# Écran noir avec SMBIOS iMac17,1 : LA solution !?



## Barijaona (20 Septembre 2016)

Bonjour à tous,

Je crois que j'ai trouvé une solution au problème d'écran noir lié à l'utilisation des drivers Nvidia avec un SMBIOS iMac17,1, *sans avoir à modifier le dossier /System* (SIP, nous voilà !)

L'idée de base a été trouvée grâce à Spiffy sur InsanelyMac : http://www.insanelymac.com/forum/to...ea-but-still-does-not-seem-to-work/?p=2189114

Il s'agit de modifier FakeSMC dans le dossier Clover en y recopiant une partie de ce qu'on trouve dans /System/Library/Extensions/AppleGraphicsControl.kext/Contents/PlugIns/AppleGraphicsDevicePolicy.kext/Contents/Info.plist

On modifie ensuite les valeurs pour que les définitions d'écrans (EDID) spécifiques aux vrais iMacs ne soient pas chargées…
J'ai remplacé la valeur correspondant à la définition de la carte mère (Mac-B809C3757DA9BB8D) de "Config2" vers "none", et pour faire bonne mesure et être sûr que macOS ne trouve pas ces fameux EDID, j'ai renommé l'entrée "Config2" en "Config9"






Résultat des courses dans Informations Système et Préférences Système : mon écran est enfin reconnu !





De mémoire, il m'a fallu redémarrer deux fois pour activer complètement les drivers Nvidia.

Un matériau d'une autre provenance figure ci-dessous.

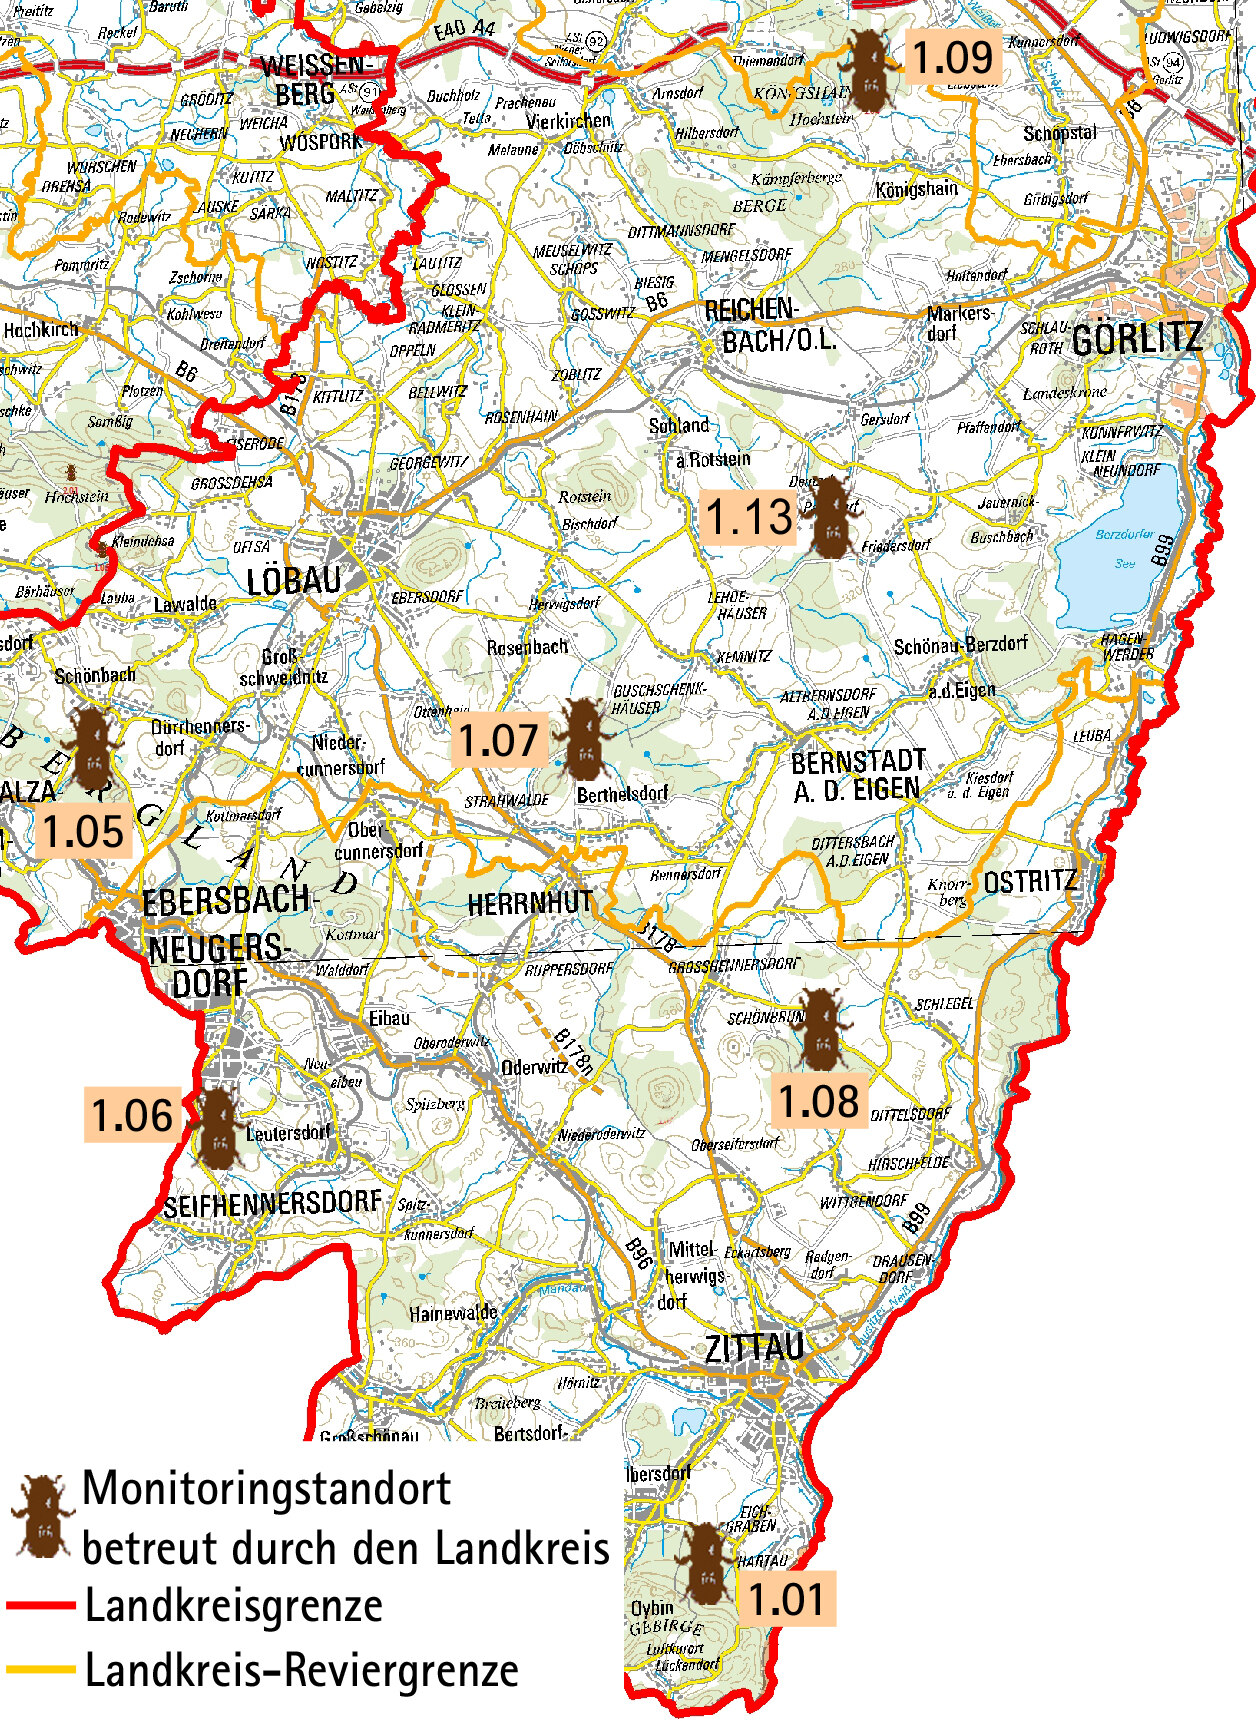 Fallenstandorte für Fichtenborkenkäfer im Landkreis Görlitz
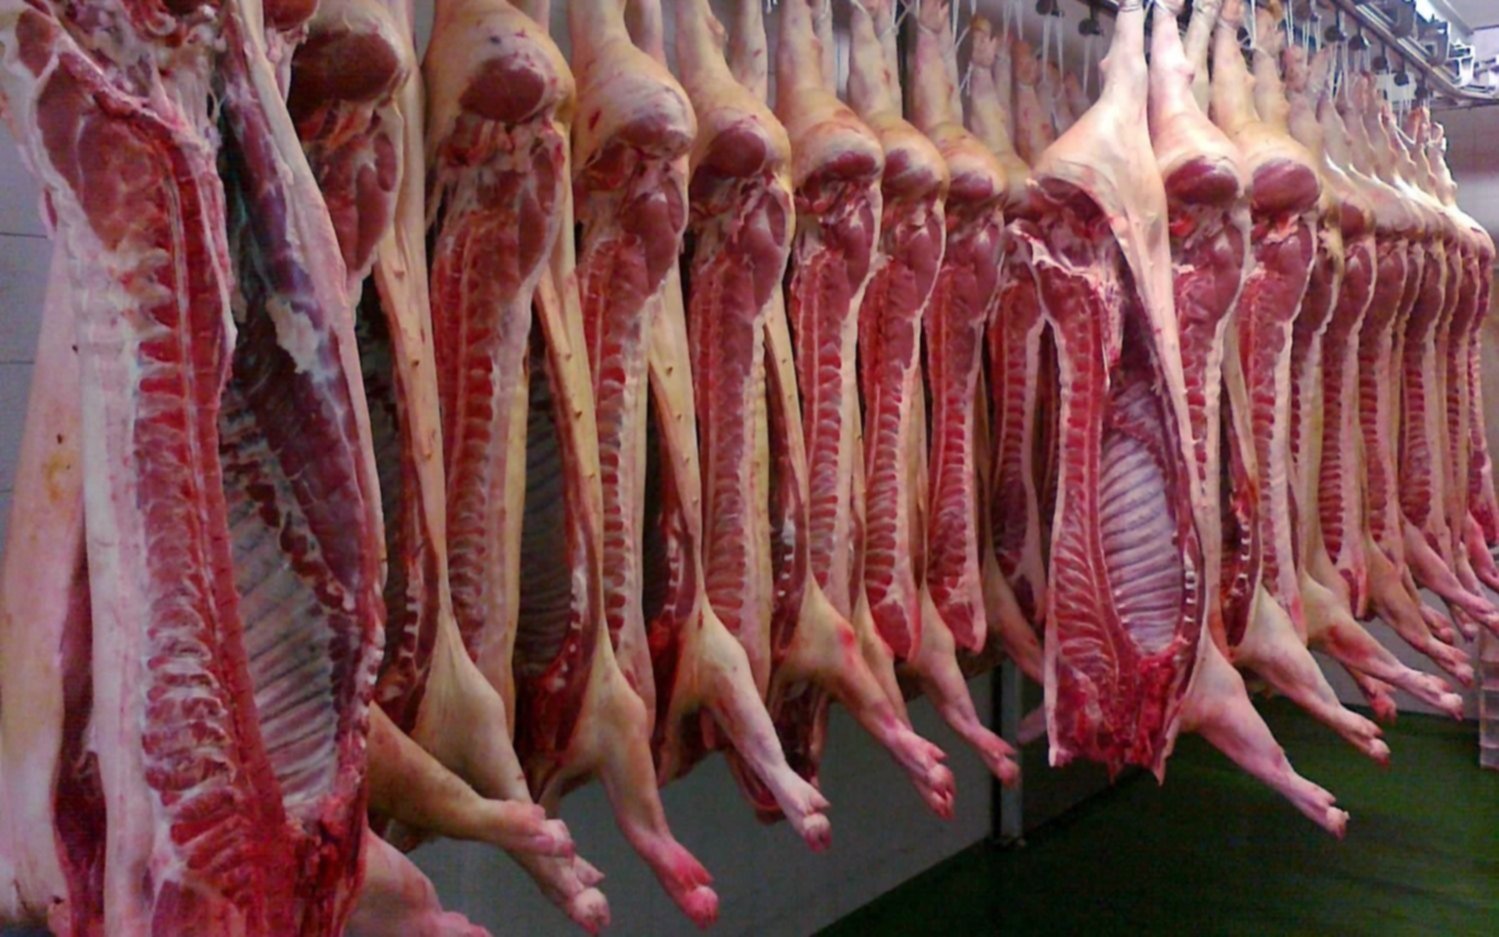 фото мяса свинины

Plus de détails dans la branche video12 de mon référentiel Clover (oui, oui, il y a eu beaucoup d'essais ; heureusement que Git permet de revenir en arrière de manière sûre !)


----------



## Barijaona (20 Septembre 2016)

Pour faire ce genre de tests, je recommande d'avoir une seconde machine et d'activer le partage d'écran sur le hack pour pouvoir reprendre la main et observer


----------



## spooner (20 Septembre 2016)

Si je comprend bien le début du problème c'est que si on est en iMac17,1 et qu'on installe les webdrivers on a un écran noir ? Et pour remédier à ça il fallait faire des modifs ?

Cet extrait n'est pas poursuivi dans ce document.